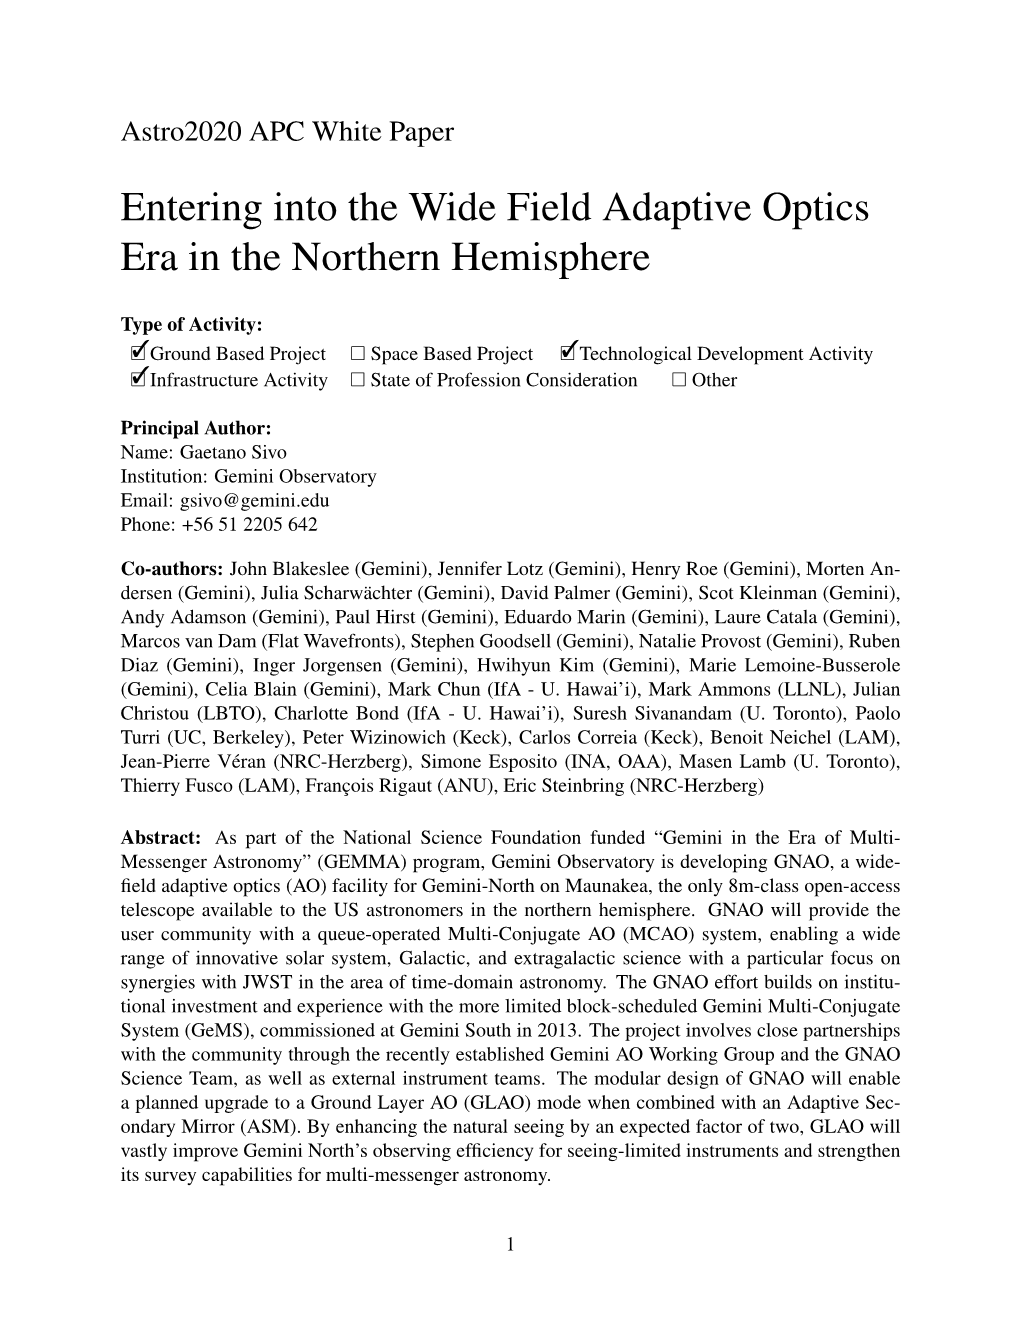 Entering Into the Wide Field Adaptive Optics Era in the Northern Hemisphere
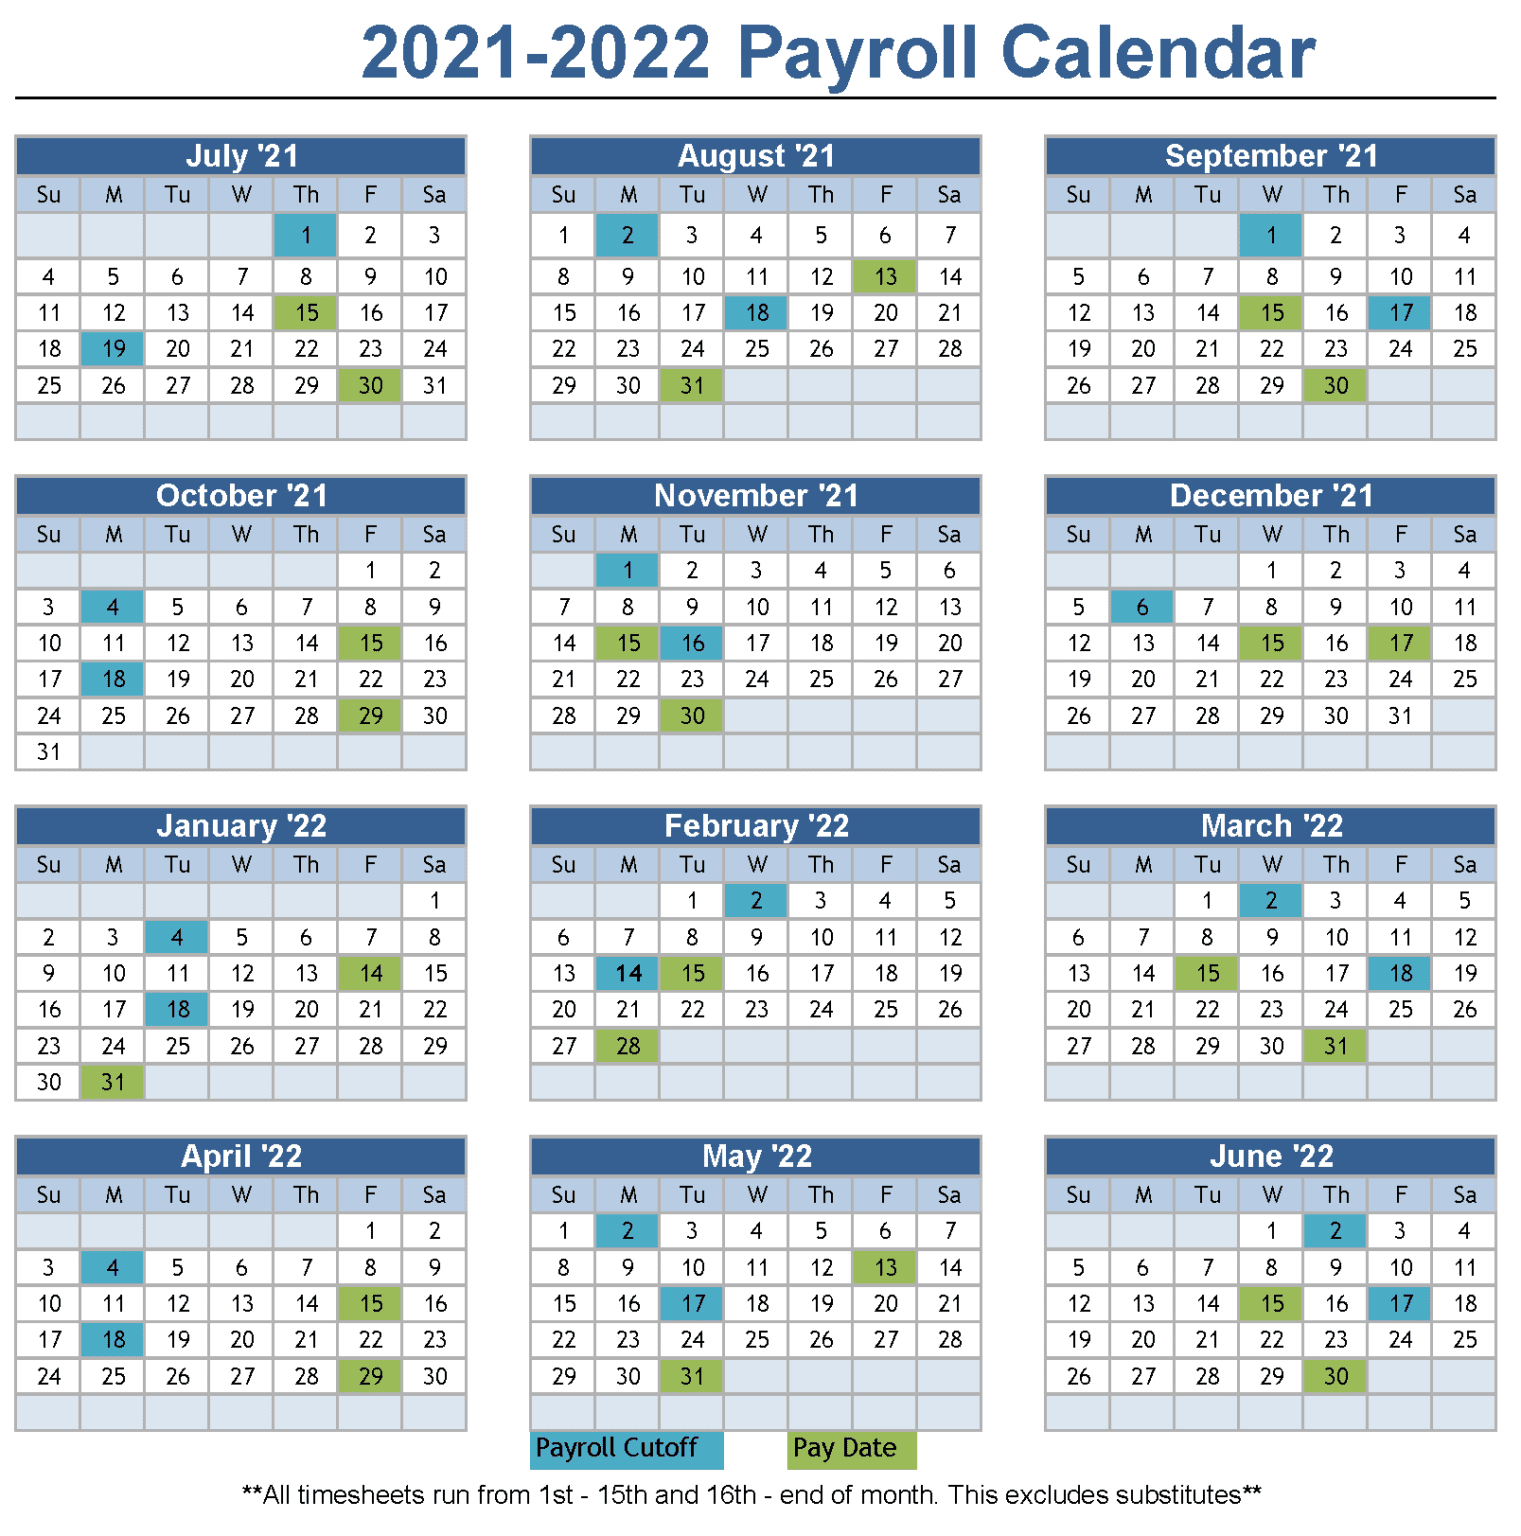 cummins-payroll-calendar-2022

^^^^^^^^^^^^^^^^

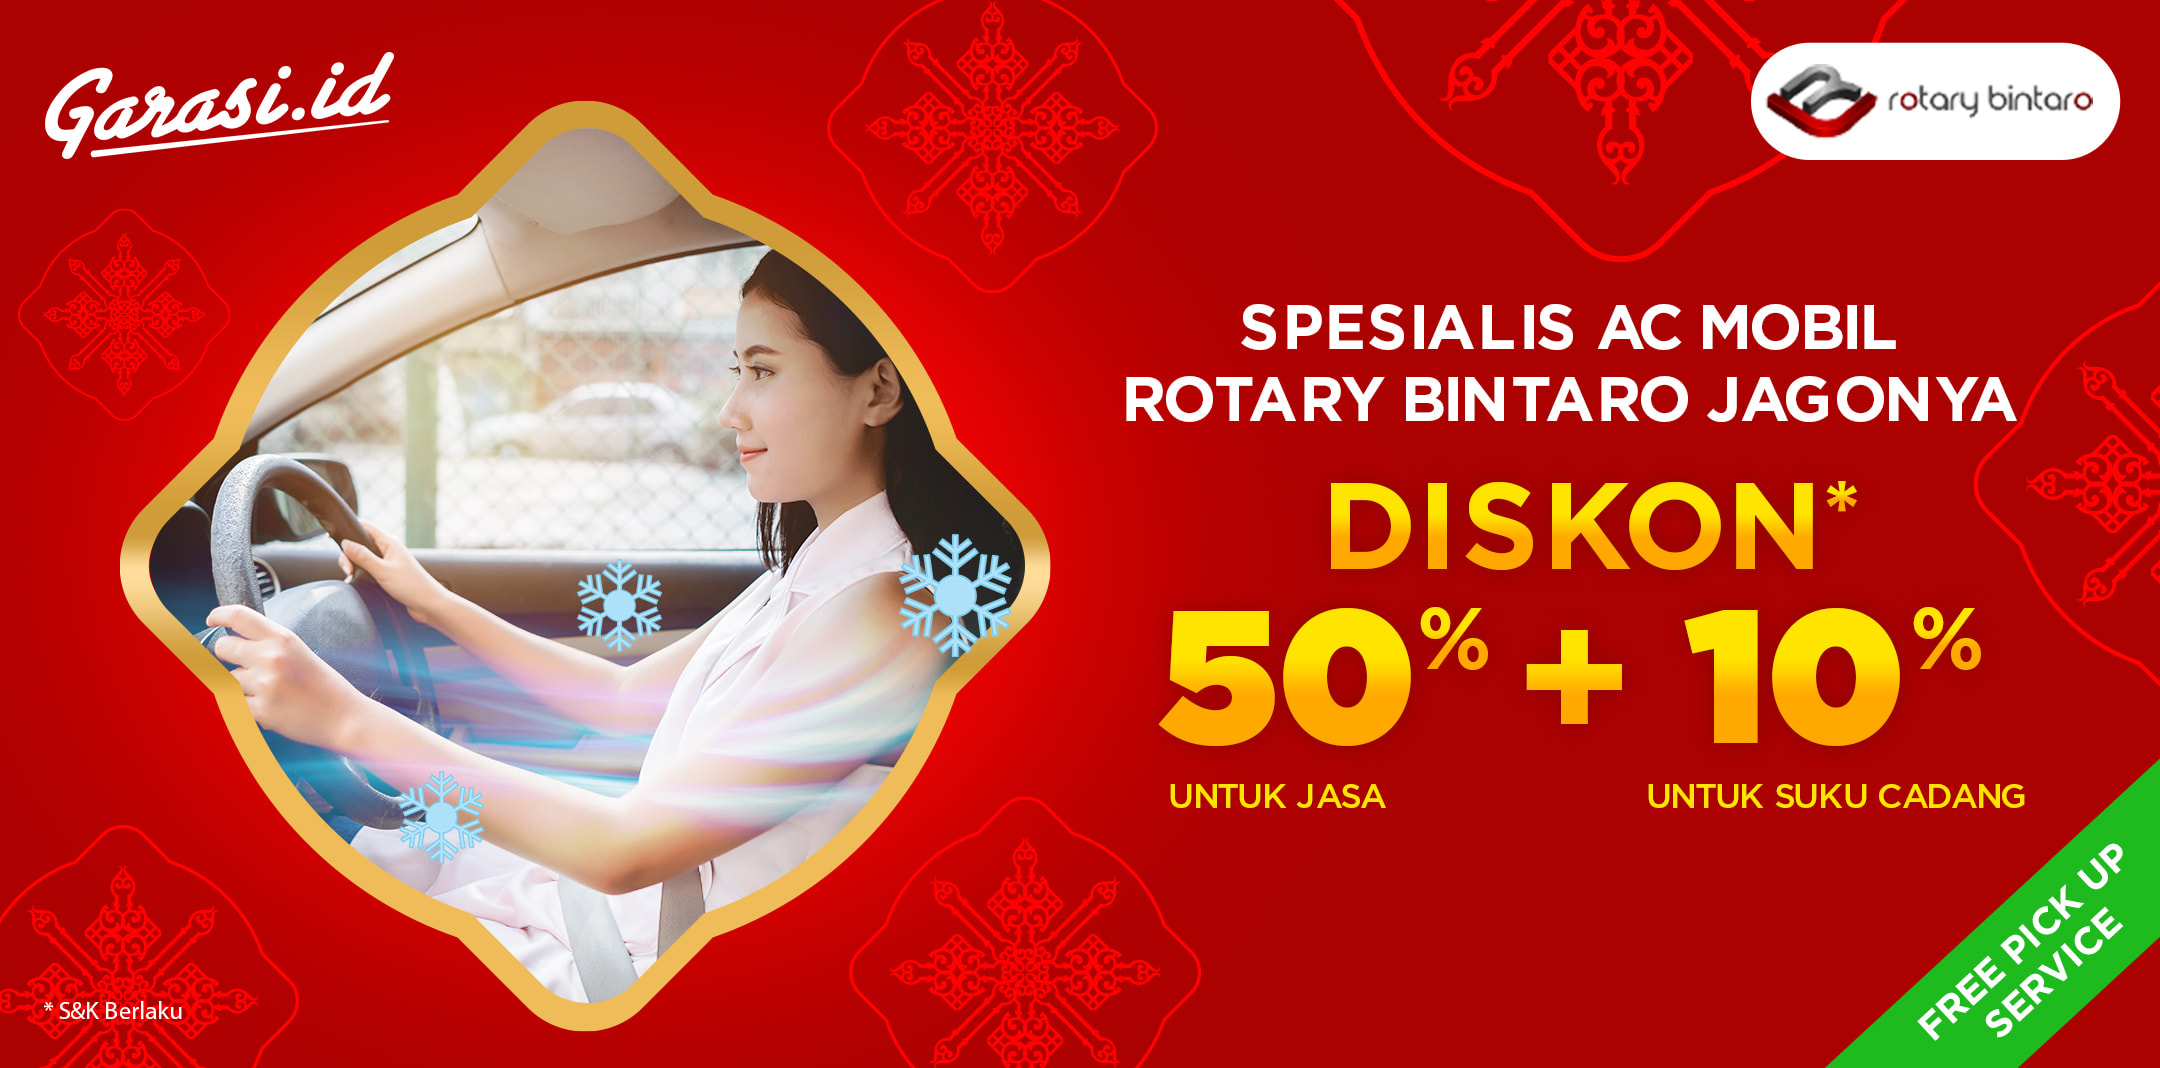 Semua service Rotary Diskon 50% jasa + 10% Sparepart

^^^^^^^^^^^^^^^^

Exercise goal. Print nothing but the lines above starting with the line that contains "Entering Into the" and going on through the line that contains "cummins-payroll-calendar-2022". Leave out the pictures.

Answer space.
 Entering Into the Wide Field Adaptive Optics Era in the Northern Hemisphere
 cummins-payroll-calendar-2022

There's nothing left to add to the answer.